From this sample of 2000 entries, make a corpus using the “tm” package, cleaning the corpus by removing punctuation, numbers, whitespace and converting all strings to lowercase
allText <- c(blogs, news, twitter)
set.seed(1738) # for repeatable results
textSample <- sample(allText, 2000, replace = FALSE)
corpus <- VCorpus(VectorSource(textSample))
corpus <- tm_map(corpus, tolower)
corpus <- tm_map(corpus, removePunctuation)
corpus <- tm_map(corpus, removeNumbers)
corpus <- tm_map(corpus, stripWhitespace)
corpus <- tm_map(corpus, PlainTextDocument)

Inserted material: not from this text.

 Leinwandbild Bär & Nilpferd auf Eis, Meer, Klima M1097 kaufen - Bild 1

Using RWeka, create a tokenizer that splits the corpus into 1-, 2-, and 3- word patterns. Pass tokenizer to the “TermDocumentMatrix” function which returns an object wher those patterns are represented for each entry in the corpus
wCont <- function(n){
Weka_control(min=n,max=n)
}
uniG <- function(x) NGramTokenizer(x, wCont(1))

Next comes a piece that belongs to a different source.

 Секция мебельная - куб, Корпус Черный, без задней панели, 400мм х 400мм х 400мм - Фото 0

biG <- function(x) NGramTokenizer(x, wCont(2))
triG <- function(x) NGramTokenizer(x, wCont(3))
uniMatrix <-
TermDocumentMatrix(corpus, control = list(tokenize = uniG))
biMatrix <-
TermDocumentMatrix(corpus, control = list(tokenize = biG))
triMatrix <-
TermDocumentMatrix(corpus, control = list(tokenize = triG))
Create function that given a TermDocumentMatrix, will plot the 25 most common pattern in that TDM. Then plot for uni-, bi- and tri-grams.
top25plot <- function(tdm,title){
sorted <- sort(rowSums(as.matrix(tdm)), decreasing=TRUE)
d <- data.frame(term = names(sorted), freq = sorted)
barplot(d[1:25, ]$freq, names.arg = d[1:25, ]$term, las = 2,
main = title, ylab = "Frequencies")
}
top25plot(uniMatrix,"Unigram Frequent Patterns")
top25plot(biMatrix, "Bigram Frequent Patterns")
top25plot(triMatrix, "Trigram Frequent Patterns")
By decreasing the sparsity of the TextDocumentMatricies, it is possible more of the texts could be used in the investigation. Particularly in the trigram frequencies this might be helpful as the frequencies of three-term patterns is lower.
For creating a predictive text applictation, this pattern of tokenization will be useful as a kind of “dictionary” to look up potential patterns.